The Ride that changed my Compass

We were on a ten-minute drive to the grocery store. My little daughter asked to come along, so I put her in the passenger seat and, because kids love games, we invented one: one question, one answer. No opinions. No follow-ups. Just a single question, a single answer.

The ride that changed my compass for leaders and CEO's

She went first.

“What’s the most important thing for you on earth?” she asked.

For a moment I was paralyzed. A seven-year-old asking the man who’s supposed to have all the answers. I felt exposed — weak, even — because I didn’t have an instant, heroic reply. I let the silence sit. I thought. I breathed.

And then I answered honestly:

“To be a good role model for you and your siblings. That’s the most important thing to me.”

Not career. Not rewards. Not money. To model a life they can carry forward.

She thought about it for a beat, then surprised me with her answer:

“I want less littering in nature — so we can keep it beautiful.”

Simple. Big-hearted. Clear.

Then she asked:

“What’s the most important thing for you at work?”

This time my answer arrived faster:

“To help bring human leadership back into everyday work — to remind people how powerful they are.”

Purpose, not prestige.

Her last question came from the small, brave part of her that’s learning how to belong:

“How do you make new friends, Dad?”

I almost cried. I told her what I felt:
Start from genuine care and curiosity, without expectations. Look for small shared things you both like. Keep showing up.
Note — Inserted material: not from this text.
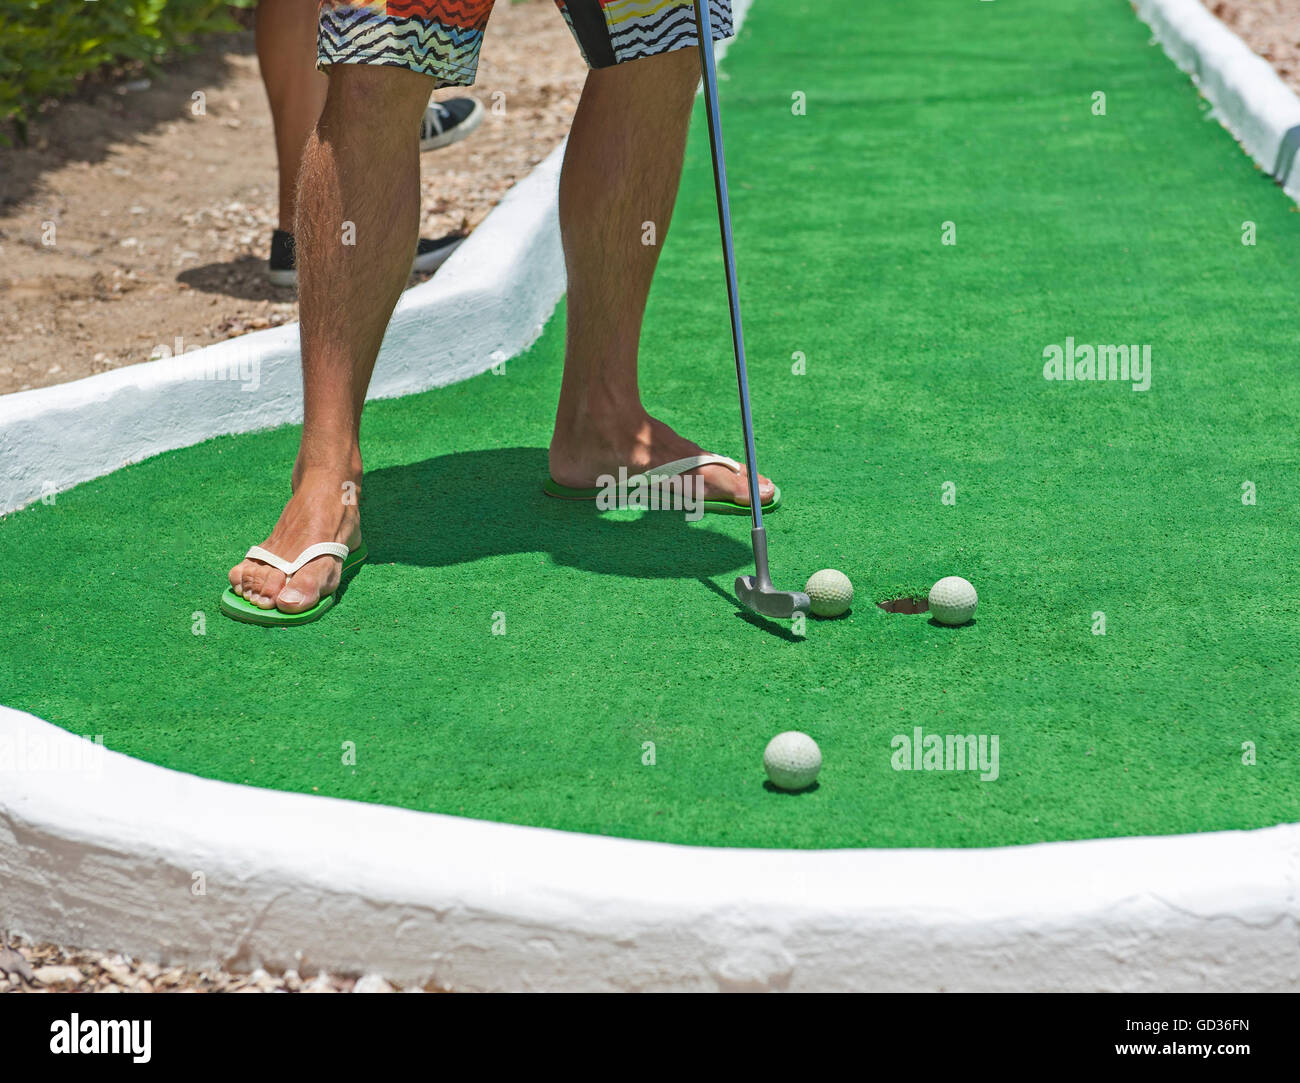 Man in flip flop sandals on summer vacation playing mini golf putting ball at hole Stock Photo

Let the friendship grow.

That ten-minute ride left me quieter and clearer than a week of strategy sessions. A seven-year-old had given me a mirror I didn’t know I needed.

Why this matters for leaders

Leaders are asked to move fast, to decide, to inspire. We build roadmaps, set KPIs, chase horizons. But this tiny car-game reminded me of three truths:

  1. Clarity begins with the simple question. When we can’t answer “What matters most?” we’re vulnerable to distraction. Great leadership starts with a simple, honest answer to the right question — not another plan.

  2. Presence beats performance. My daughter’s questions invited presence. They demanded honesty, not spin. Leaders who can slow down and answer what truly matters — to themselves and to their people — lead from conviction, not from script.

  3. Modeling matters more than messaging. I tell clients to lead as if their children were watching — because they are. The behaviors you embody create a culture far faster than any policy ever will.

A small exercise (do it in your next car ride, meeting, or walk)

Ask one colleague or family member: “What’s the most important thing for you right now?” Give them one question, one answer. Then share your own. No notes. No follow-ups. Just listening.

Two questions to sit with

  • What is the single most important thing for you on this entire earth?

  • What is the single most important thing for you at work?

Answer them honestly. Write them down. Leave them where you’ll see them.